By Christine Mungai The current wave of Kenyan urban music, and by extension, youth culture, has left observers scratching their heads. Where did it come from, how did it travel so quickly, and how has it so completely taken over the airwaves? Researchers Odipo Dev have already given us part of the answer — that the Internet has been very significant in boosting this new genre which is being referred to as Odi-pop or Gengetone. Specifically, it is a question of how online algorithms work to push what is already popular.

As a musician and scholar of music, my own observation of the trends leads me to another conclusion that would enrich Odipo Dev’s findings. In my view, it has been the huge popularity of what I am calling ‘gospel pop’ that cracked the door and held it open for Odi-pop to come through. In fact, the urban gospel scene in the second half of the 2000s was itself already a nascent version of this new sound.

This may seem bit ironical — that gospel music may have paved the way for a genre whose aesthetic that can fairly be described as ratchet. But in my view, this was possible because Kenyan gospel pop of the early 2000s was only faintly related to religious or church music proper. Kenyan gospel pop is popular because it cuts across class, regional, ethnic and especially generational lines. It is loved equally by a four-year-old as it is by her 60-year-old grandmother, which is important to consider when pop music is usually so strictly demarcated along generational lines. With this generation of gospel pop, the message was stripped down almost to its bones. It was simply music anyone could dance to. I see the new wave of ratchet Odi-pop as an extension of that philosophy of living one’s best life as loudly as possible and wearing your politics/religion with pride.

For the sake of definitional simplicity, I am proposing the collective term “Odi-pop” to refer to all the sub styles of this new sound. I am aware of each group having named their style separately e.g Gengetone, Dabonge style and so on and my definition is not trying to replace that. For me this musical style is basically pop but with a common sound (hip-hop rap influence blended with Carribean phrase and rhyme schemes, all constructed on an African rhythm base and performed in sing-along rap with heavy Kiswahili/Sheng inflections). My naming structure is borrowed from K- Pop.

Music or any kind of art, really, travels on a nonlinear path. This is why the conventional strategy for music marketers has been simple: spam the audience until they like it. It also means that the person with the loudest microphone controls content discovery as a whole. This is the reason why record labels would even go as far as to lock down distribution rights that were defined by geography, in effect controlling what an entire region would hear, and therefore effectively grow and maintain a market.

The Internet brought a disruption to this model, as Odipo Dev’s article illuminated, and broke down the power of traditional gatekeepers. And in the Kenyan context the traditional gatekeepers have been: media, politicians and the church — pop culture’s own axis of evil, you might say. The media with its own interests and relationships has for the longest time dictated what could be played, when it could be played. But these days there is so much Kenyan music on Youtube and Soundcloud for anyone who is looking for a different kind of sound.

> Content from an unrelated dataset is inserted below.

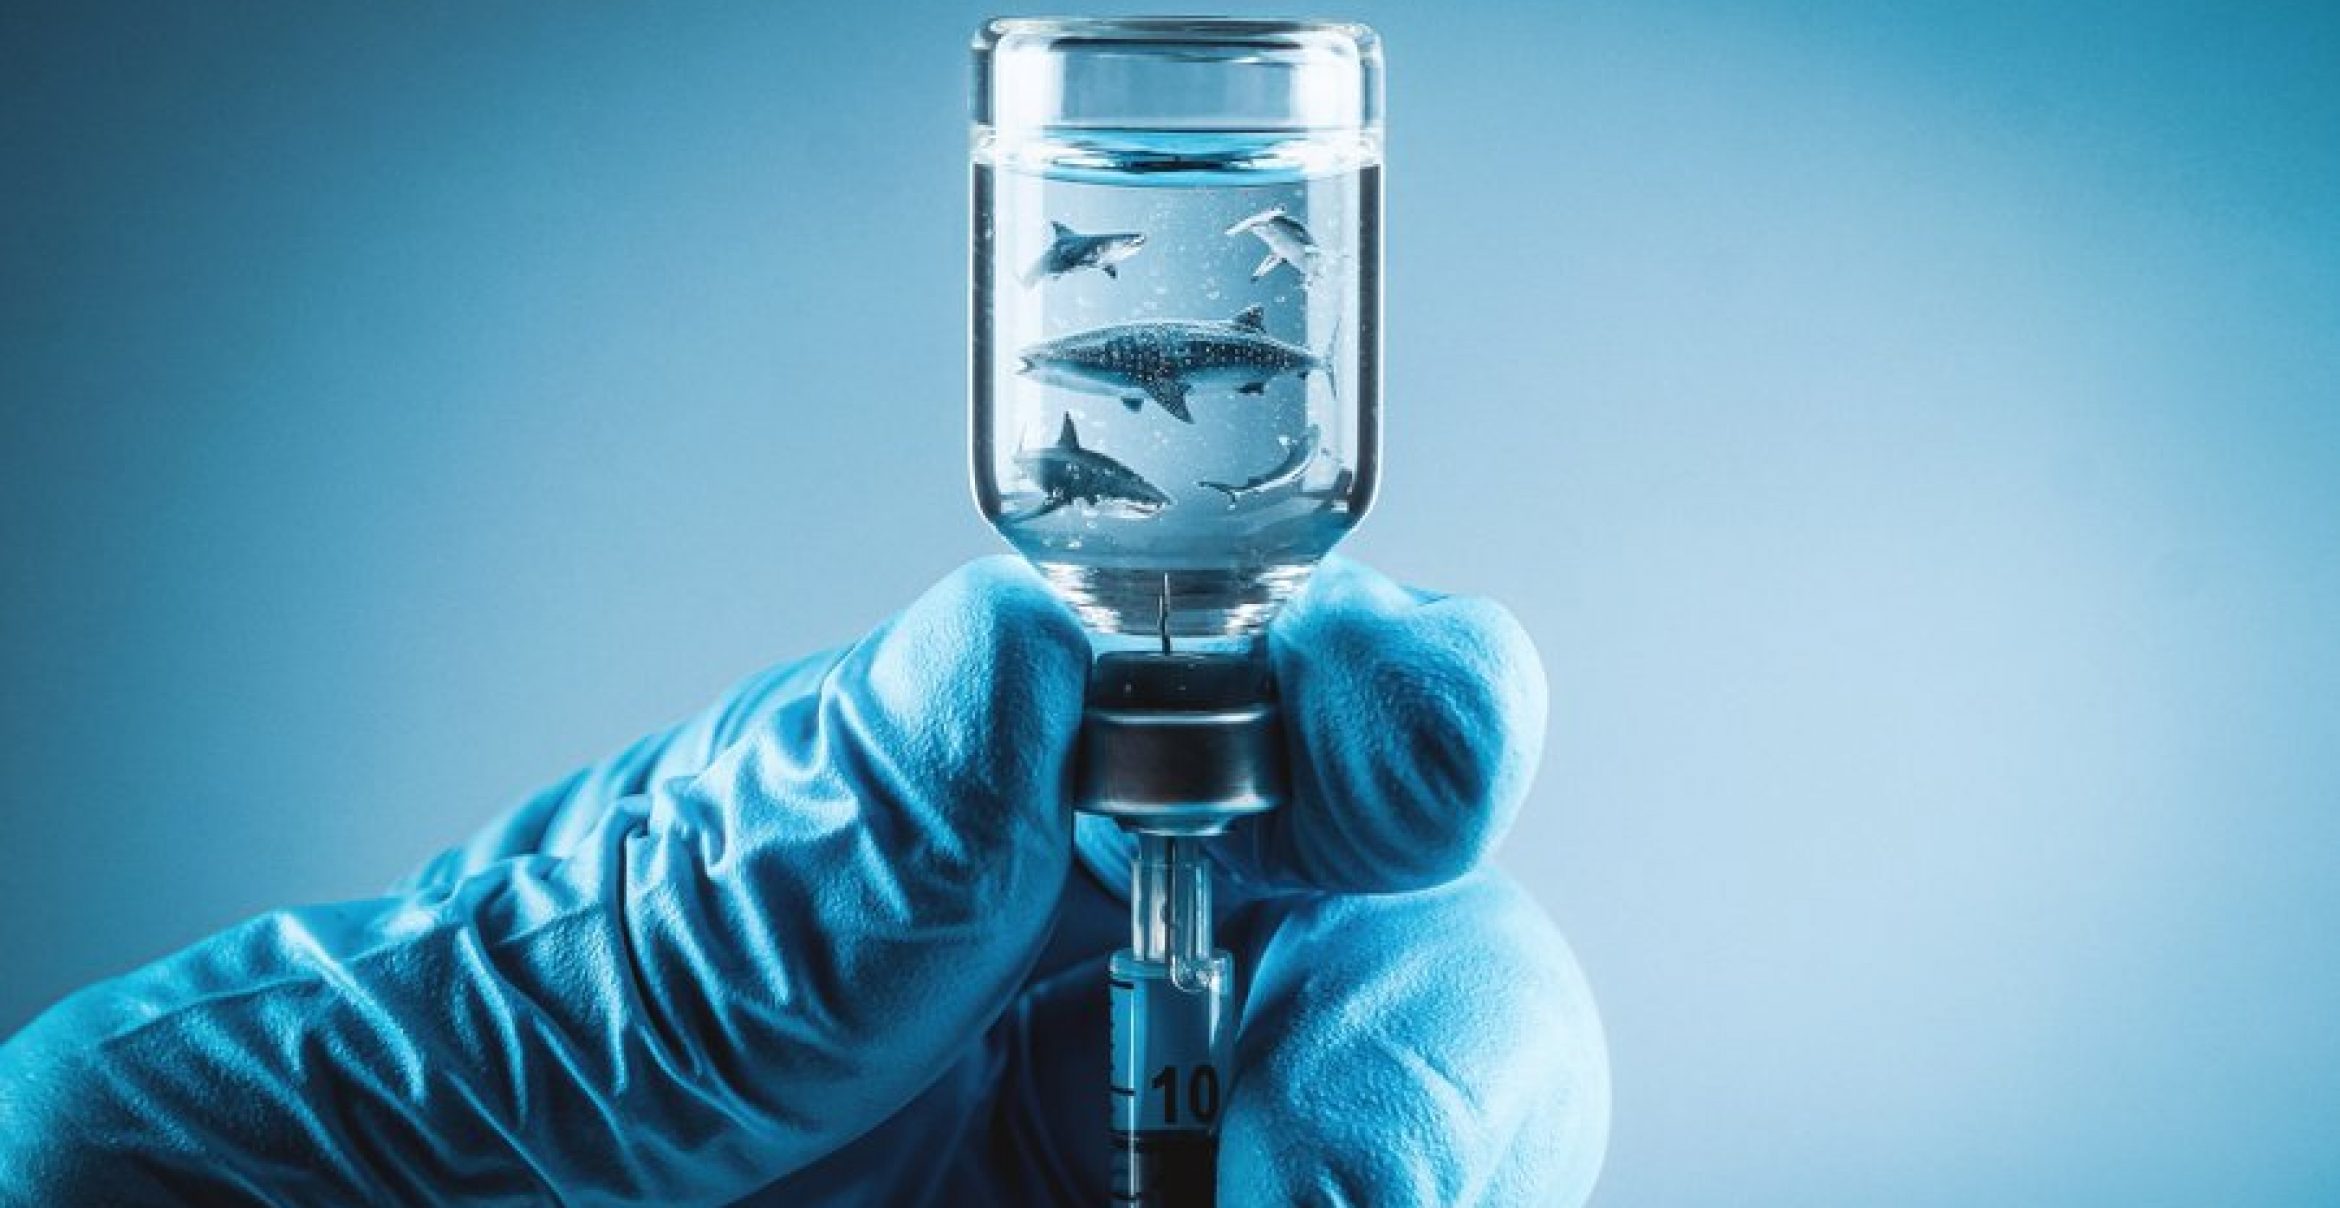 Haie werden für Impfstoffe getötet, doch Grazer Forscher*innen entdecken Alternative

Then there are the political elite. Politicians have always been alive to the power of music and have gone to great lengths to use it in their battle for hearts and minds. There’s also an uncanny relationship between dictatorships and thriving musicians. It isn’t always censorship — very often dictators encourage praise music, or at least uncontroversial music, frequently throwing money at anything that they believe will entrench love and adulation for them.

And finally the church, which was where these other two amplified their formal and informal censorship.

And so this explains the list of pop songs that did well in Kenya prior to the year 2000. They were all driven by a heavy dose of “message’’ and “meaning”, and Kenya’s politicians had managed, through the single broadcaster, to effectively limit the music to a specific list of themes. They replaced any local material that espoused other themes with foreign content. This explains why even today a song about sex written and performed by a Kenyan will struggle for airplay but one of the same theme by a foreigner will get tons of airplay with no questions asked.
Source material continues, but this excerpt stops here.